I'm happy to give anything a go providing it keeps me "hanging for that next page"

I thoroughly enjoyed "The Kite Runner" and also "The girl in the Picture" for anyone that's looking for something to read........

if anyone has any recommendations for me , they would be greatly appreciated.

Cheers


----------



## Sonya (Mar 31, 2015)

What genres do you like? I like just about everything except romance. I've really been into apocalyptic triologies/series, even the young adult. Some of the young adult apocalyptic series I've read recently and enjoyed include : The Giver, Dustlands, Divergent, Maze Runner, Champion. Adult apocalyptic series : Emberverse, Under a Graveyard Sky (zombies, yah!), The Passage. I enjoy anything by Chevy Stevens, Jodi Picoult, and Gillian Flynn for real life drama/mystery. Action I enjoy the author David Baldacci. I'm not much into Steven King but do read some Dean Koontz occasionally for scary novels. Not much into Alien stuff either, but the 5th wave was pretty good and I plan to read the second one, Infinite Sea.

I will put "The girls with all the Gifts" on my to read list...which is growing every day. Thanks! Also another zombie series, which I haven't read yet is the Feed series, I heard that one is pretty good.

I just started the Troy Chance series which is drama/mystery and so far I like it, there are only two books out right now on that series.

I could go on and on, I really love to read!


----------



## Ryan Johnson (Mar 31, 2015)

Thanks Sonya, Ill check out some of the ones you recommend





Will read just about anything , though I am like you and not into romance novels.

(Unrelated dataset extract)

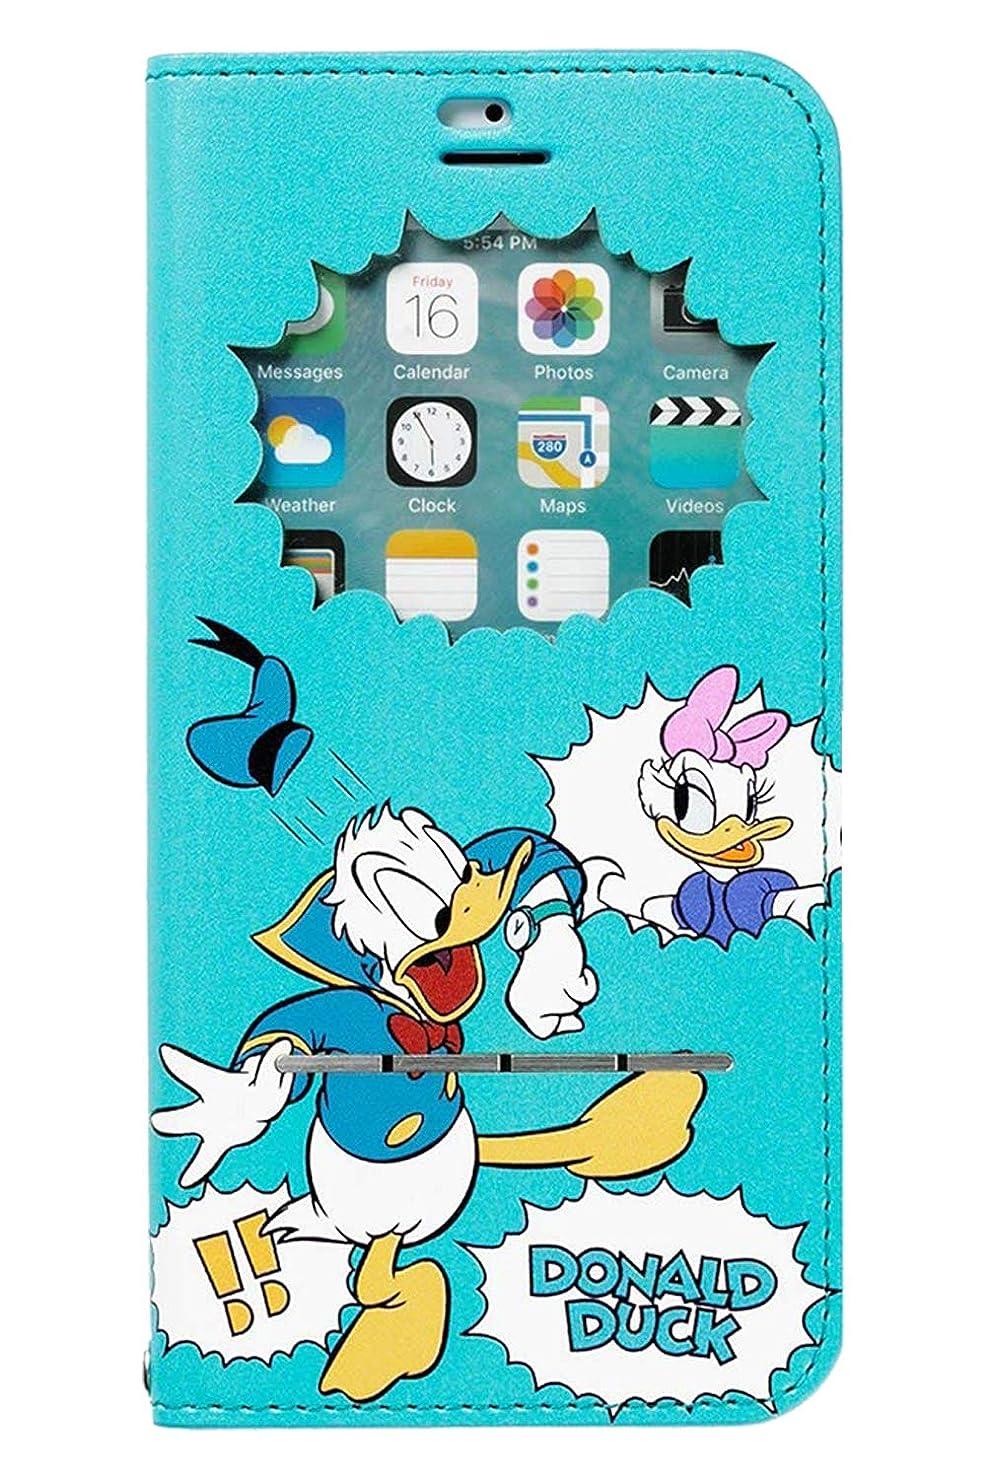 精算インディカ海洋のiPhone6s iPhone6 ケース 手帳型 ディズニー 窓付き キャラクター カバー カード収納/ドナルド

I love to read too just wish there was a few more hours in each day...........


----------



## sdust (Apr 1, 2015)

Lee Child the Jack Reacher series, Nevada Barr the Anne Pigeon series, Blake Crouch. All good reads


----------



## bevann (Apr 1, 2015)

I really like historical novels.Especially anything by James Michener.Currently reading Centennial about a town in Colorado.Read Alaska, Texas,Mexico,Cheasapeake,Hawaii.His books are sometimes difficult to get into at first since his goes back to prehistoric times for the area of the novel.I also like almost anything by John Jakes-lots of Civil War and Revolutionary War novels.Have a very old Kindle so I shop for books on Amazon.I started Outlander but can't get into it-will try again when I finish this book.


----------



## lucky seven (Apr 1, 2015)

I read Centennial many years ago and also enjoyed the mini series that was made on it. I've been reading "The Walk" series by Richard Paul Evens. Clive Custler is pretty good along with Dana Stabenow. Steven King's books are way too thick for me now. Years ago I enjoyed reading him but not now. The same way with John Grisham, I used to collect his books but now can't get past the first chapter. Read John Jakes also, having trouble finding good series to read as I get bored. For awhile I read books by people who hiked the AT and Pacific Trails, but I do like good historical books.


----------



## sfmini (Apr 4, 2015)

The Steel Van Man by Jason Stadtlander is a real page turner.


----------



## FurstPlaceMiniatures (Apr 4, 2015)

I too rarely have time to read - but when I do my Tastes are super varied! I love historical novels - gone with the wind is my all time favorite, Scarlett was good, uncle toms cabin is another favorite. I read a series once about Gettysburg that was phenomenal, can't remember what it was called.

But then I also love love love more modern books. Slaughterhouse 5 was a favorite, 1984, Brief Interviews With Hideous Men. As for authors I like ayn rand, and Kurt Vonnegut.


----------



## lucky seven (Apr 4, 2015)

I loved the Steel Van Man, I hated to put that one down. One of the best I have read.


----------



## sfmini (Apr 4, 2015)

Thaks Lucky seven! I'll let Jason know, he'll be delighted.

There is a movie in the works for that book, and he is working on funding his next book.


----------



## Performancemini (Apr 5, 2015)

I love to read. I like horse stories, of course (adult or youth). I read a lot of Christian fiction. Love Amish fiction. Pioneer fiction.

I just read "Pegasus" by Danielle Steele. Really good!!! Not totally a horse story. Centers around a man and his sons who lived in Germany during Hitler's reign and found out he was part Jewish and had to flee to America. Took 2 Lippizaners and some Arabians with him and his sons.....well, you got to read the book if you haven't....very good!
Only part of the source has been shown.